Ramakrishnan et son équipe ont procédé à des mutations génétiques sur des enzymes présentes dans les lysosomes des cellules du poisson-zèbre. Les lysosomes décomposent les protéines et les graisses indésirables. En cas de trouble lysosomal et de réduction de la production des enzymes, il y a accumulation de matières indésirables dans la cellule.
Les scientifiques ont découvert que les troubles lysosomaux rendaient les globules blancs, appelés « macrophages », gonflés et léthargiques. Incapables de se déplacer rapidement, ils ne pouvaient pas faire correctement leur travail d’encerclement et de destruction des bactéries envahissantes de type tuberculose. Ce qui a été une mauvaise nouvelle pour le poisson-zèbre.

« Nous avons alors décidé de nous pencher sur la maladie de Gaucher. Il s’agit d’un trouble lysosomal courant et le substrat accumulé dans ce cas n’est pas une protéine, mais plutôt un lipide », note Ramakrishnan.
« Nous étions sûrs que les animaux seraient sensibles à la bactérie, car il s’agissait du même mécanisme. Nous avons créé des poissons mutants Gaucher. Nous avons constaté que les macrophages étaient stockés, et que leurs lysosomes étaient emballés. Ils ressemblent aux macrophages humains Gaucher et on a pu voir qu’ils ne bougeaient pas beaucoup. Nous nous sommes donc dit : ‘D’accord, faisons l’expérience pour voir s’ils sont sensibles à la tuberculose' », a-t-elle expliqué.
À la surprise générale, les poissons Gaucher se sont montrés résistants à la bactérie Mycobacterium tuberculosis (la tuberculose) une fois qu’elle a été introduite.
« Mon étudiante, Jingwen Fan, a refait l’expérience encore et encore, mais ils résistaient ! Et ce qui est amusant, c’est que grâce à notre écran, il nous a été beaucoup plus facile de trouver des mutants sensibles que des mutants résistants. C’est donc le Saint-Graal », s’est exclamé Ramakrishnan.
Les poissons Gaucher sont résistants aux bactéries en raison de ce qui se passe avec les substrats qui s’accumulent dans les macrophages dans la maladie de Gaucher. L’un d’entre eux est le glucosylcéramide, un lipide neutre. Il se transforme en glucosylsphingosine, un lipide concentré.
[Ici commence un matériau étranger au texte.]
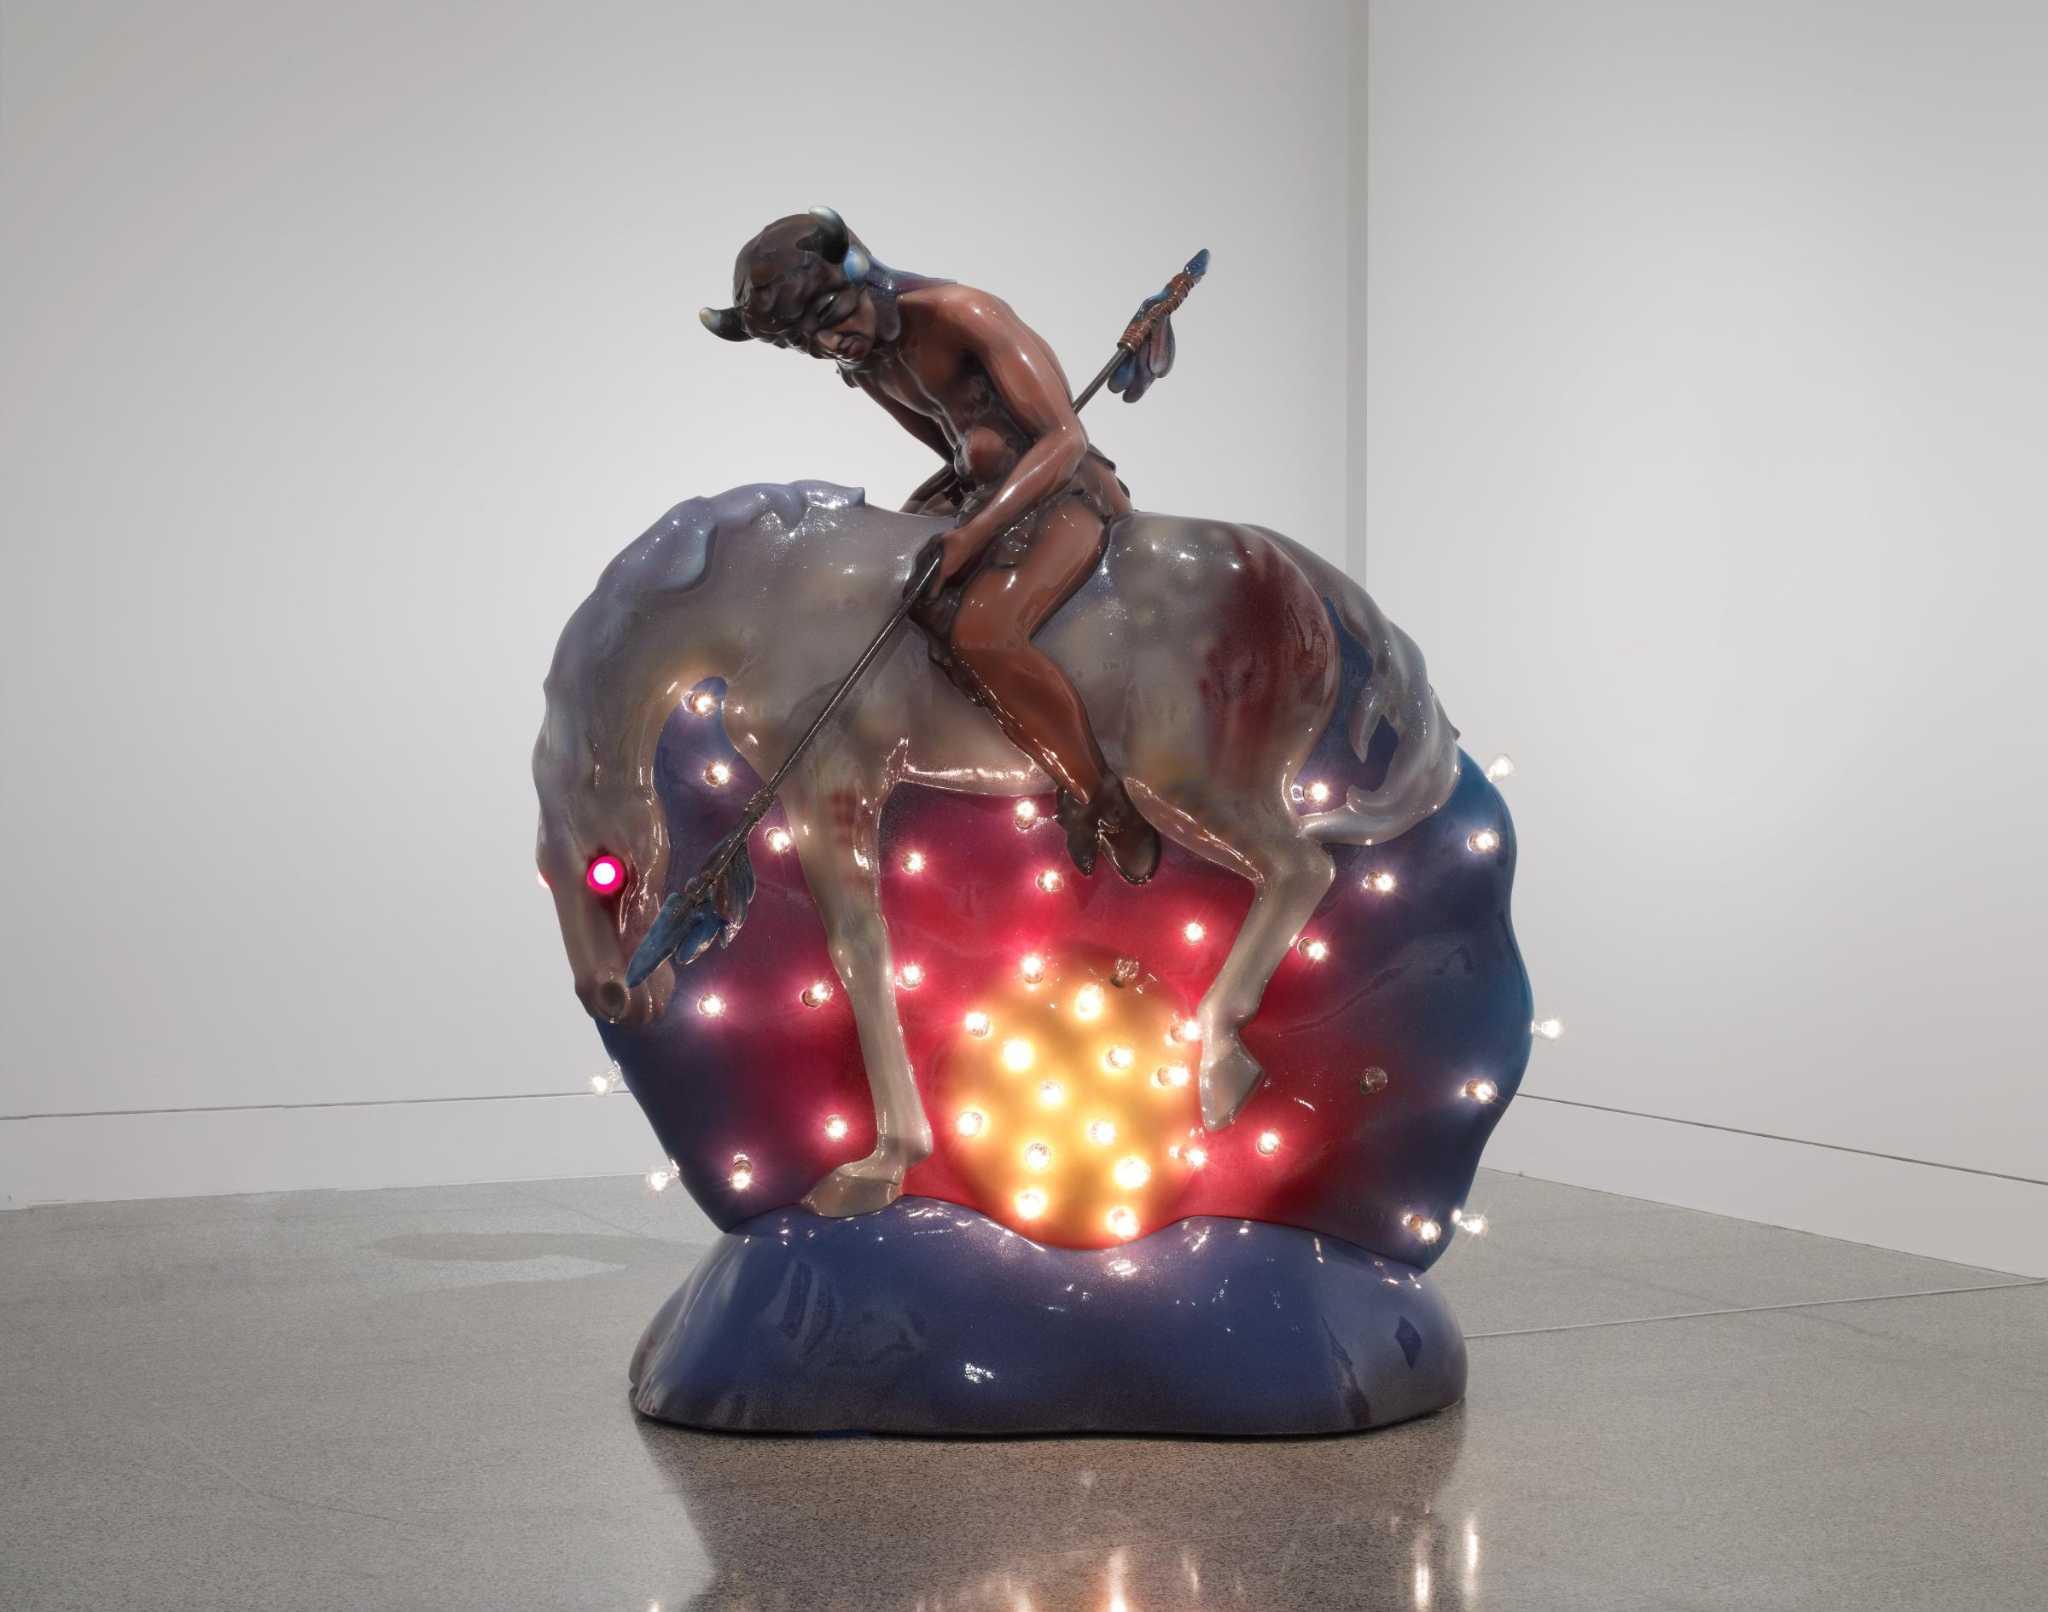 Art review: Luis Jimenez's electric 'End of the Trail' plugs into Pop Art
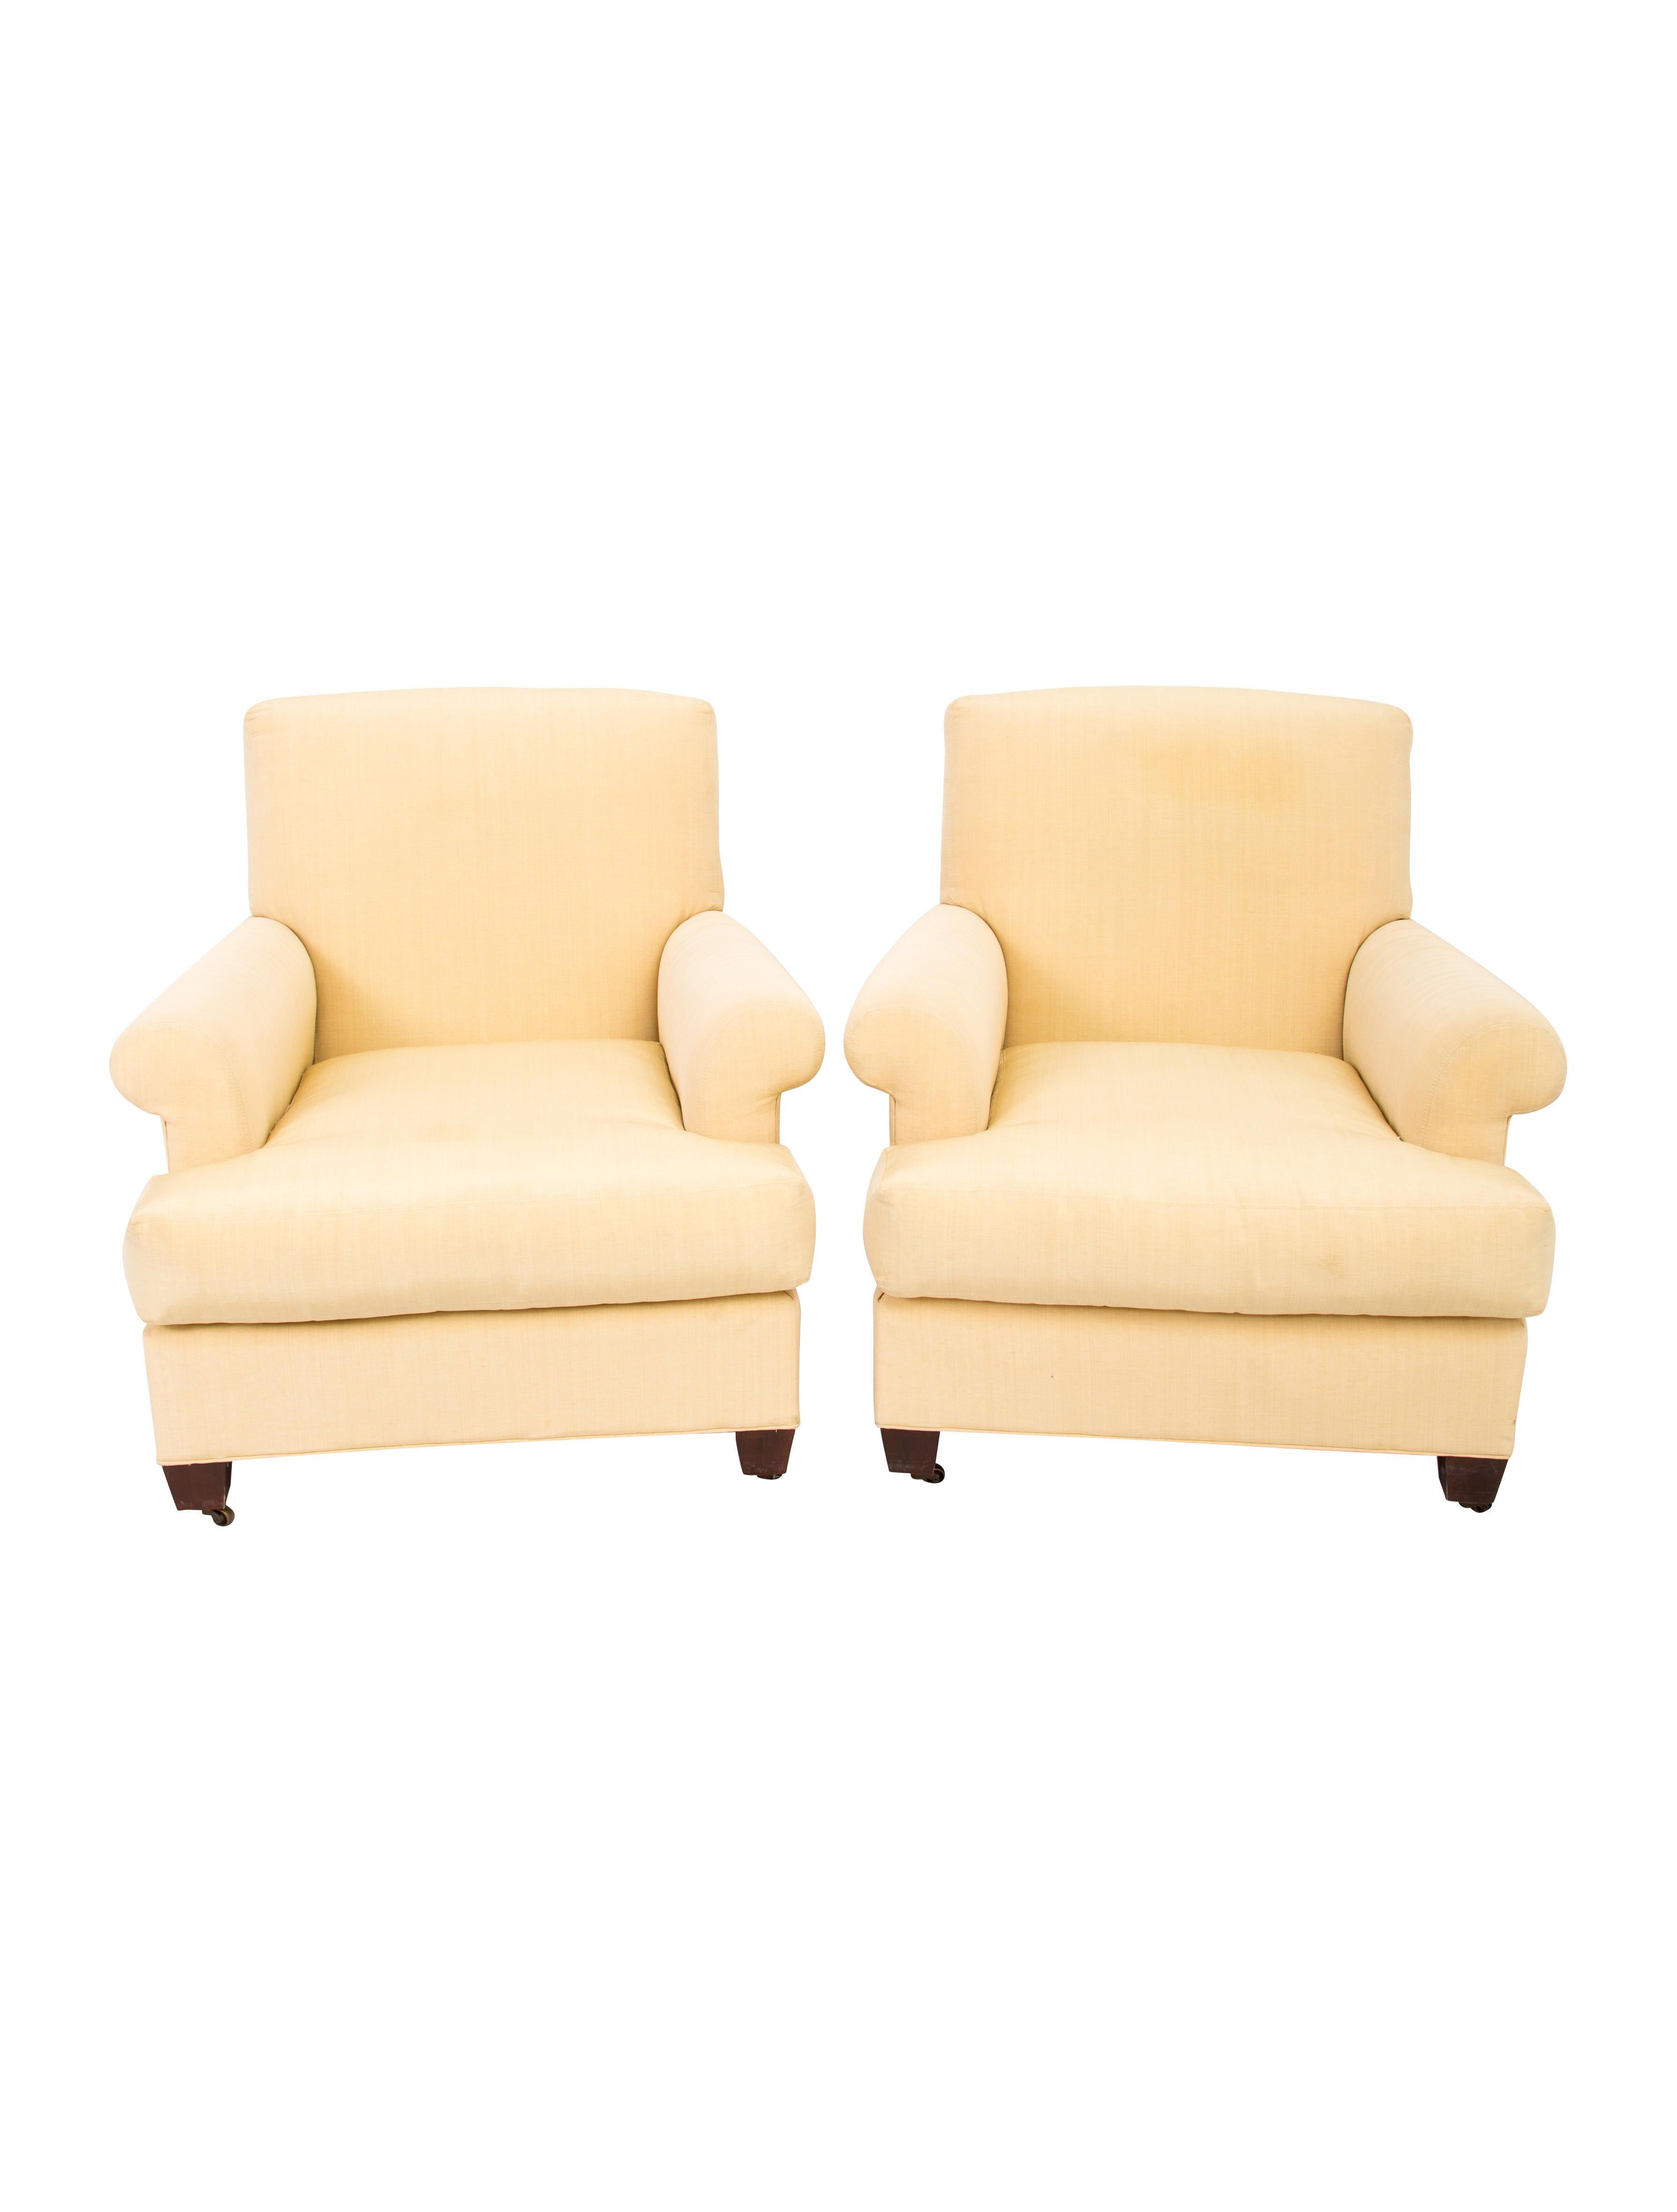 Ralph lauren pair of club chairs furniture wyg21480 for Ralph lauren outdoor furniture

« C’est très similaire aux composés d’ammonium quaternaire. Ce sont les éléments que l’on trouve dans les désinfectants et dans les liquides stérilisants. Nous nous sommes rendus compte que c’était probablement la raison pour laquelle les bactéries mouraient. Nous avons donc effectué des tests et montré qu’in vitro, la glucosylsphingosine tuait les microbes. Elle tue également la tuberculose humaine et d’autres bactéries pathogènes. Elle s’insère simplement dans la membrane cellulaire de la bactérie et la désintègre rapidement », a expliqué Ramakrishnan.

Après avoir mené des expériences avec l’allèle N370S (la mutation génétique liée à la maladie de Gaucher la plus courante chez les Juifs ashkénazes), Ramakrishnan et son groupe ont été prêts à soumettre leur étude pour publication.
L’apparition de la tuberculose chez l’homme remonte à 9 000 ans en arrière, à Atlit Yam, une ville qui se trouve aujourd’hui sous la mer Méditerranée, au large de la côte israélienne. Ramakrishnan suppose que la mutation génétique Gaucher a probablement protégé une grande partie des Juifs qui, historiquement, ont souvent été contraints de vivre dans des conditions de promiscuité propices au développement de la tuberculose.
La découverte de l’équipe de Ramakrishnan pourrait déboucher sur une nouvelle approche du traitement de la tuberculose. C’est d’autant plus important qu’un demi-million de personnes sont infectées chaque année dans le monde [l’Afrique du Sud est l’un des pays où le nombre de cas de tuberculose est le plus élevé] par une tuberculose résistante aux médicaments.
« Personne ne souhaite être atteint de la maladie de Gaucher, mais, ironiquement, cette mauvaise pathologie nous a aidés à comprendre une autre maladie ancienne. Il est tout à fait possible que cette recherche permette de développer de nouvelles thérapies contre la tuberculose, qui touche 10,6 millions de personnes et en tue 1,5 chaque année », a déclaré Ramakrishnan.